Warum Erdogan die Niederländer Faschisten nennt
Recep Tayyip Erdogan ist als Absolvent einer Koranschule nicht sehr gebildet. Würde man ihn bitten, den Begriff “Faschist”zu definieren, käme wohl wenig mehr als “böse”, “schlecht” und "Italien" heraus.
Dennoch benutzt er den Begriff fleissig, noch gepfeffert mit Varianten wie “Nazi”, “Neo-Nazi” und dergleichen. Die Absurdität dieser Epithete bei Anwendung auf die Niederlande entgeht ihm völlig weil er weder die Geschichte kennt, noch eine klare Vorstellung der Bedeutung dieser Begriffe hat.
Also was trieb den Ober-Türken, diese unverstandene Keule zu schwingen?
Der Zorn. Der masslose Zorn, dass jemand es wagt, sich ihm, dem von Gott berufenen Errichter des Staates der Frommen in den Weg zu stellen. Ihn -- den Vollender der türkischen Geschichte und Abschaffer des gottlosen Irrwegs des Laizismus -- in letzter Minute vor dem Triumph der AK-Partei zu behindern, ist für Erdogan nicht anderes ein Teufelswerk der Feinde des einzigen Glaubens.
Es liegen ihm Worte auf der Zunge, von denen er weiss, dass er sie nicht benutzen darf, zumindest noch nicht: "Christen", "Gottlose", "Feinde des Propheten". Sie haben sich verschworen, ihn an der Errichtung des Hauses Gottes zu hindern, so glaubt er. Nicht nur er, auch seine Millionen Anhänger glauben an eine Verschwörung der Christen und Feinde der Türkei.
Er weiss, er darf die Niederländer, Deutschen und Österreicher nicht Christen nennen, denn theoretisch ist er ja immer noch Politiker, nicht Oberpriester einer Erlösungssekte. Also sucht er nach einem Ersatzbegriff, der möglichst negativ und zugleich politisch klingt. “Kommunisten”?, “Rassisten”? Nein, besser “Faschisten”oder “Nazis”.

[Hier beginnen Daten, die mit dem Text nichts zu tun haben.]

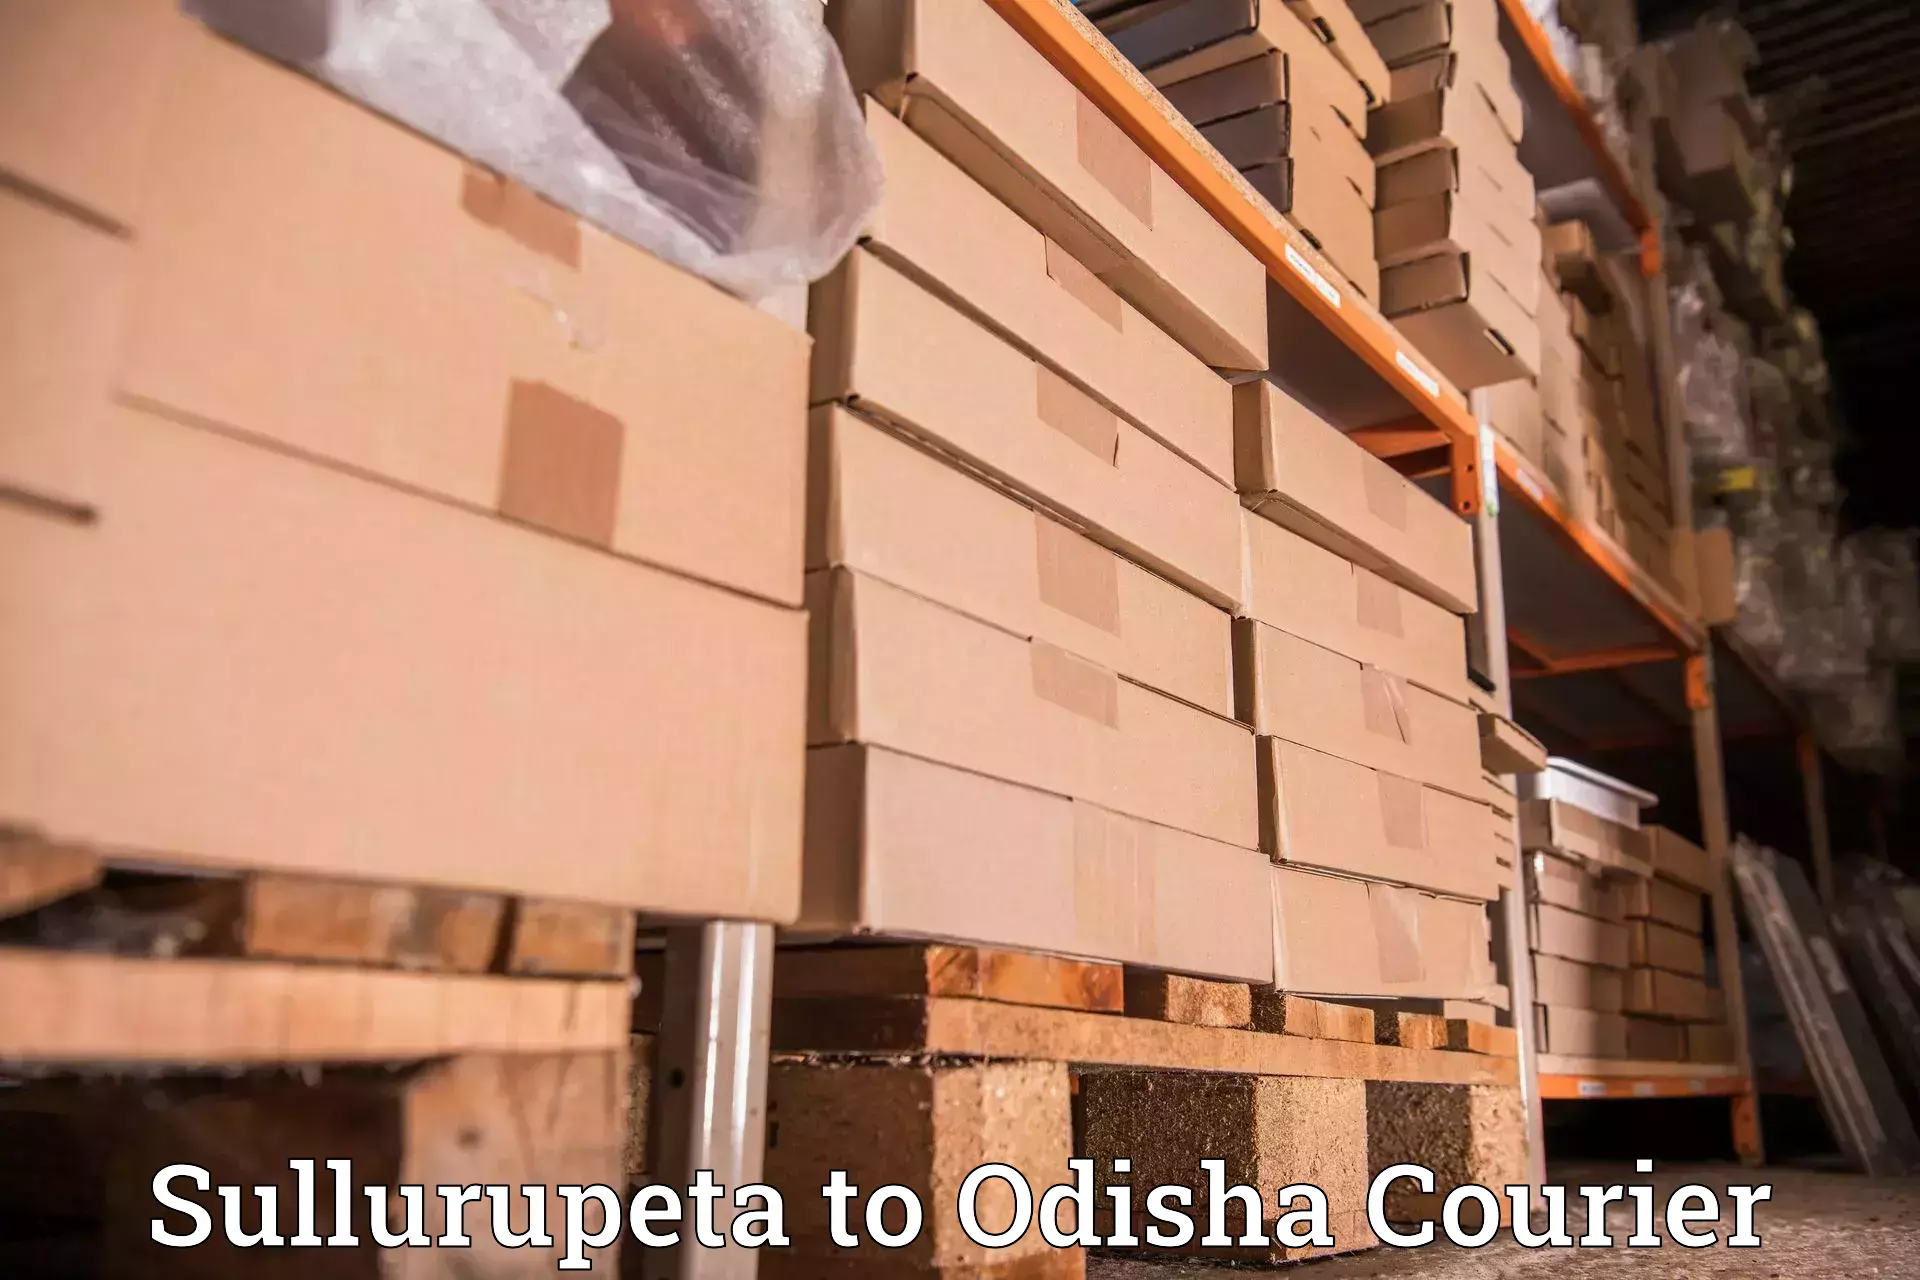 Courier service innovation in Sullurupeta to Kantamal

So poltert er ohne zu ahnen, wie lächerlich er sich macht mit diesem Fehlgriff in die Mottenkiste der Geschichte. Die Niederländer und die anderen Europäer sollten die Schimpfereien eines Ungebildeten nicht allzu ernst nehmen: sie sollten verstehen, dass er sie eigentlich “Christen” nennen möchte und sich nur nicht traut. Noch nicht.
-- ed
Update
"Europa werde schon lernen, wie man mit der Türkei umzugehen habe, sagte (Aussenminster) Cavusoglu weiter. Ansonsten werde die Türkei es Europa beibringen. "Ihr werdet von Eurem befehlenden Diskurs absehen. Die Türkei befiehlt", sagte er. Die Türkei sei die "Umma", die weltweite Gemeinschaft von "zwei Milliarden" Muslimen. "Deshalb könnt Ihr mit der Türkei nicht im Befehlston sprechen. Ihr müsst anständig reden, Ihr könnt um etwas bitten."